For example, such a modification may involve the introduction (e.g. by covalent linking or in any other suitable manner) of one or more functional groups, residues or moieties into or onto the SDAB molecule, and in particular of one or more functional groups, residues or moieties that confer one or more desired properties or functionalities to the SDAB molecules. Example of such functional groups will be clear to the skilled person.

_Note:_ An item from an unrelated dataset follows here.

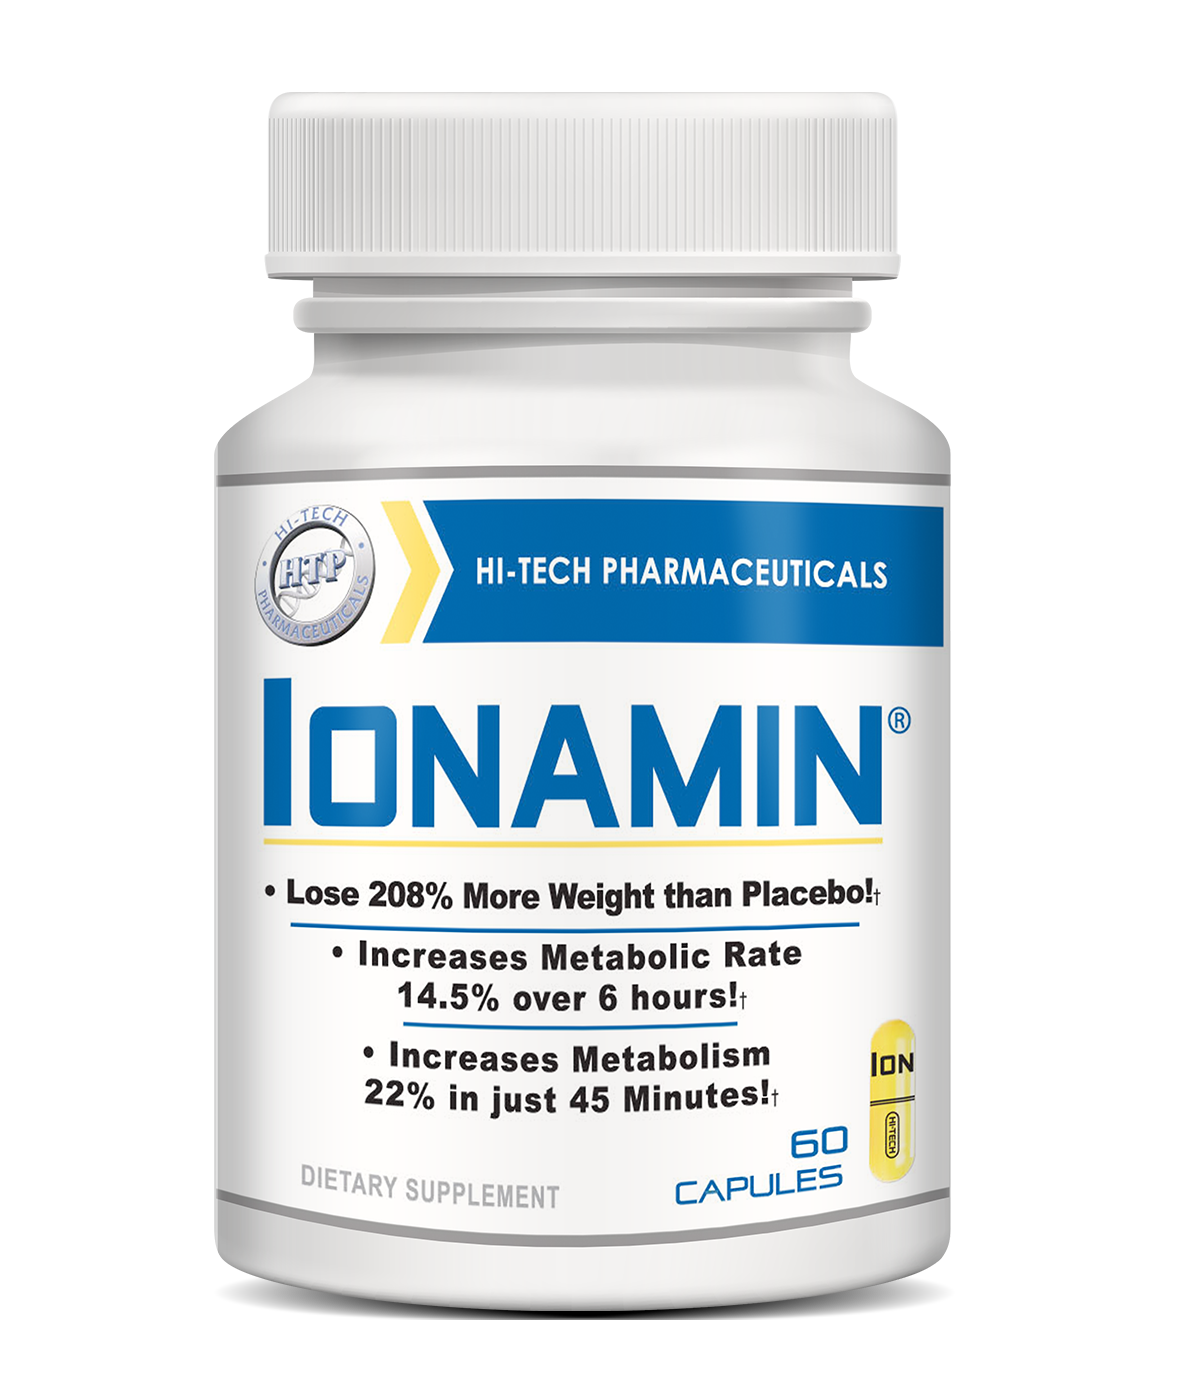 Hi-Tech Pharmaceuticals Announces OTC Nationwide Launch of New Diet Pill -- Ionamin® -- Backed by Clinical Study

For example, such modification may comprise the introduction (e.g. by covalent binding or in any other suitable manner) of one or more functional groups that that increase the half-life, the solubility and/or the absorption of the SDAB molecule, that reduce the immunogentc'tty and/or the toxicity of the SDAB molecule, that eliminate or attenuate any undesirable side effects of the SDAB molecule, and/or that confer other advantageous properties to and/or reduce the undesired properties of the SDAB molecule; or any combination of two or more of the foregoing. Examples of such functional groups and of techniques for introducing them will be clear to the skilled person, and can generally comprise all functional groups and techniques mentioned in the general background art cited hereinabove as well as the functional groups and techniques known per se for the modification of pharmaceutical proteins, and in particular for the modification of antibodies or antibody fragments (including ScFvs and single domain antibodies), for which reference is for example made to Remington's Pharmaceutical Sciences, 16th ed., Mack Publishing Co., Easton, PA (1980). Such functional groups may for example be linked directly (for example covalently) to a SDAB molecule of the invention, or optionally via a suitable linker or spacer, as will again be clear to the skilled person. One widely used techniques for increasing the half-life and/or the reducing immunogenicity of pharmaceutical proteins comprises attachment of a suitable pharmacologically acceptable polymer, such as poly(ethyleneglycol) (PEG) or derivatives thereof (such as methoxypoly(ethyleneglycol) or mPEG). Generally, any suitable form of pegylation can be used, such as the pegylation used in the art for antibodies and antibody fragments (including but not limited to (single) domain antibodies and ScFvs); reference is made to for example Chapman, Nat. Biotechnol., 54:531-545 (2002); Veronese and Harris, Adv. Drug Deliv. Rev. 54:453-456 ( 2003); Harris and Chess, Nat. Rev. Drug. Discov., 2, (2003); and WO 04/060965. Various reagents for pegyfation of proteins are also commercially available, for example from Nektar Therapeutics, USA.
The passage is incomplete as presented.